→ **WHAT YOU SHOULD DO**
The result should hold only the lines from the one with "SWEETV Gold Wedding" through the final line of the data below, transcribed exactly, pictures left out.

→ **RECORDED DATA**
== == ==

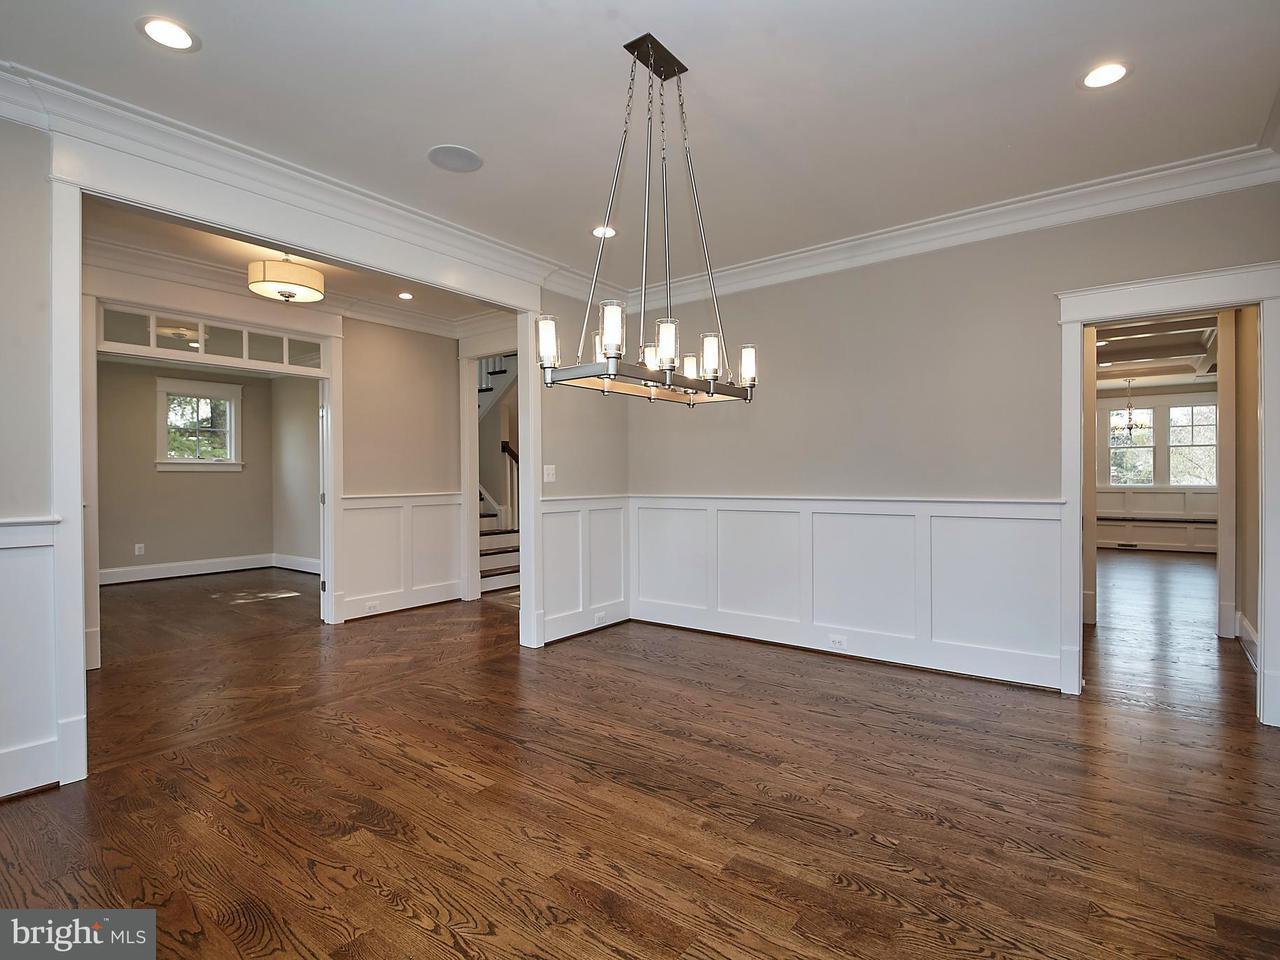 Single Family Home for Sale at 3200 Trinidad Street 3200 Trinidad Street Arlington, Virginia 22213 United States
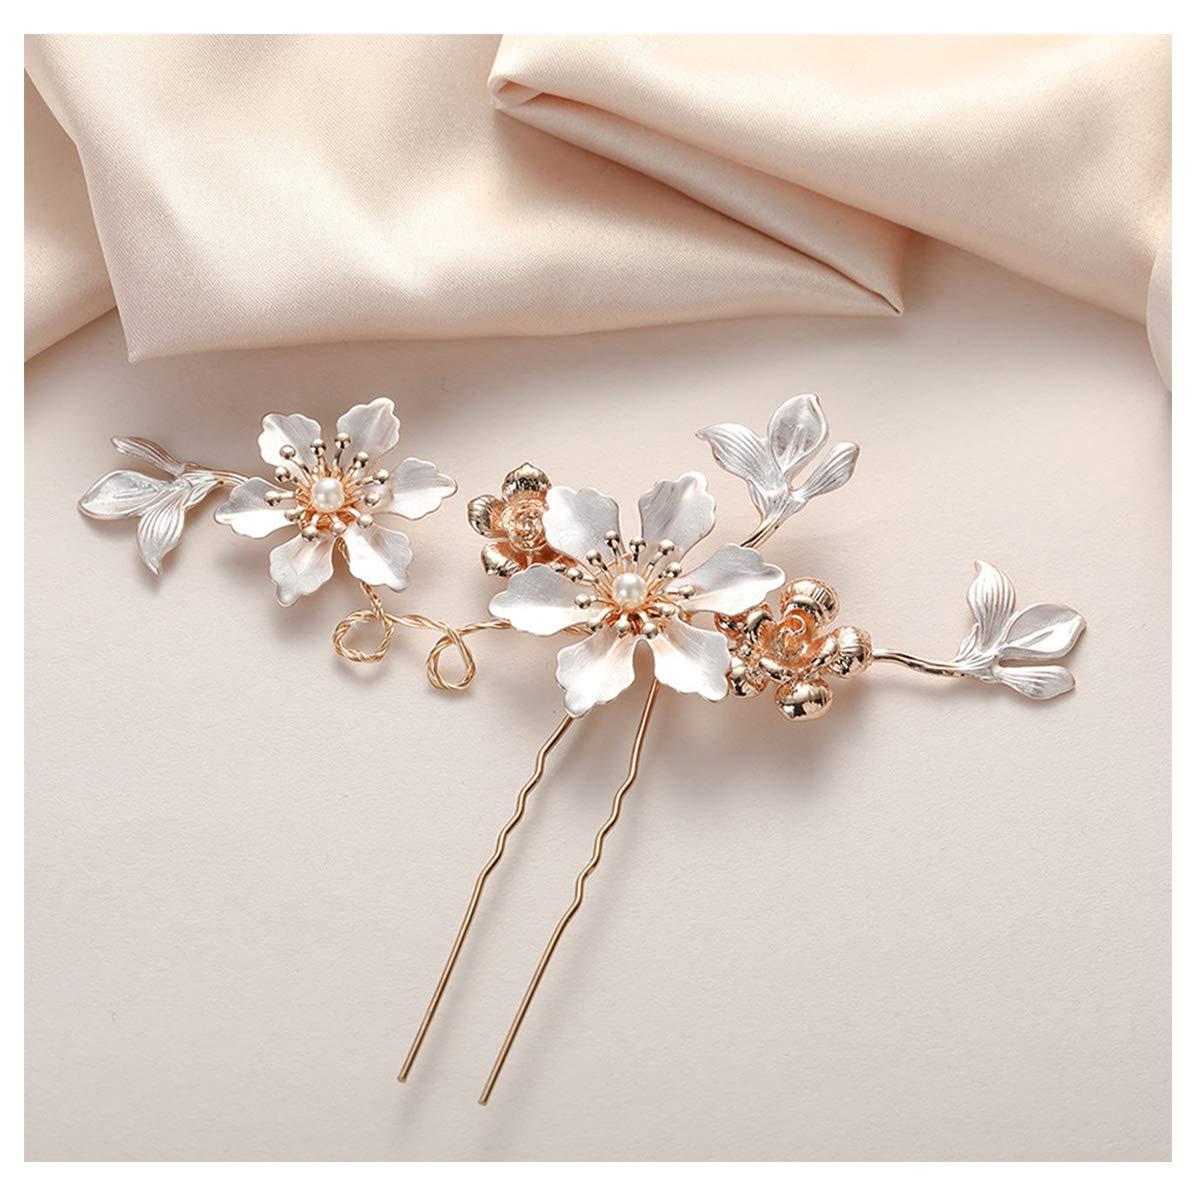 SWEETV Gold Wedding hair pin Handmade Bridal Hairpin Gold Wedding Hair Accessories for Brides
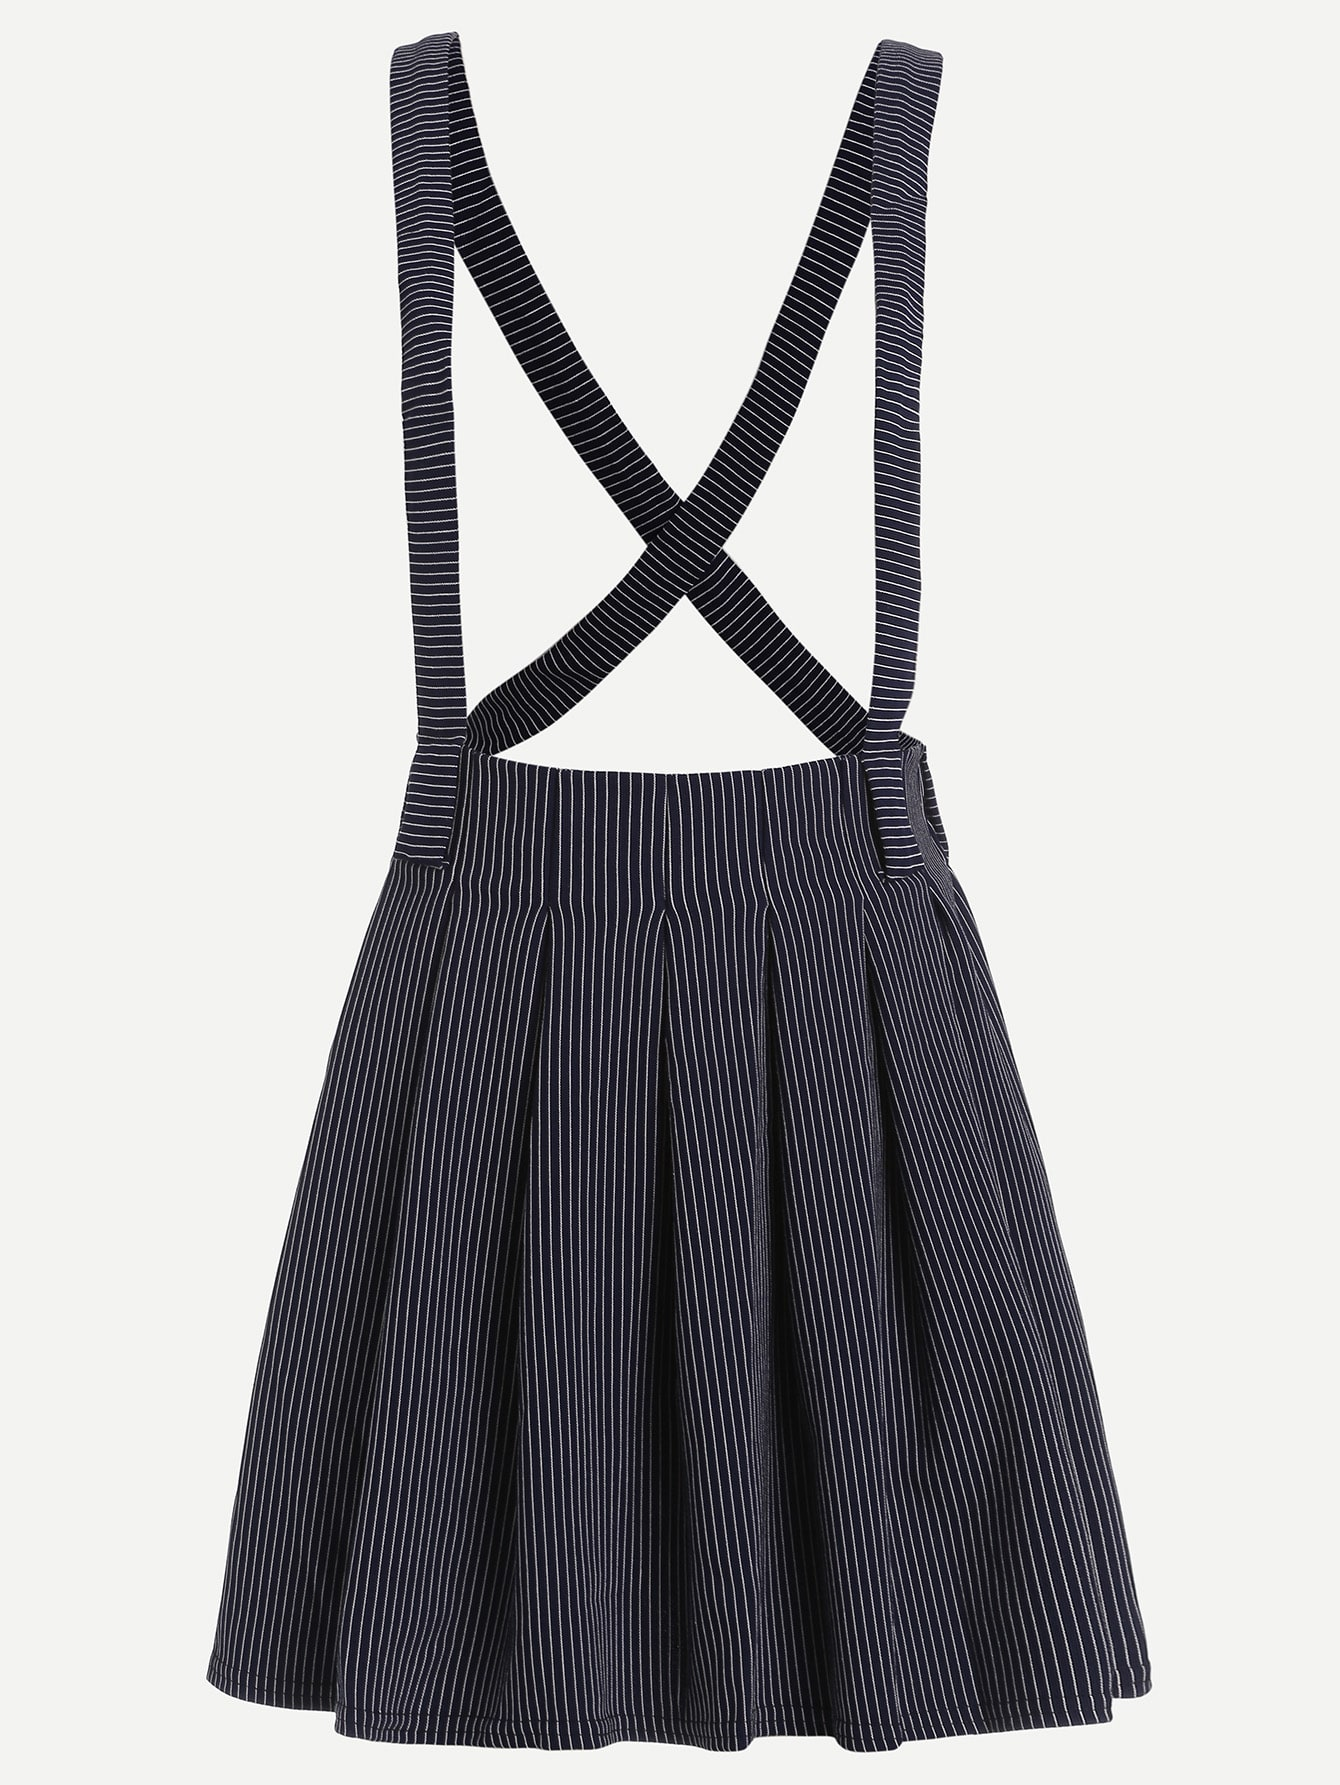 Navy Striped Suspender Pleated Skirt

== == ==

→ **SOLUTION TO THIS PROBLEM**
 SWEETV Gold Wedding hair pin Handmade Bridal Hairpin Gold Wedding Hair Accessories for Brides
 Navy Striped Suspender Pleated Skirt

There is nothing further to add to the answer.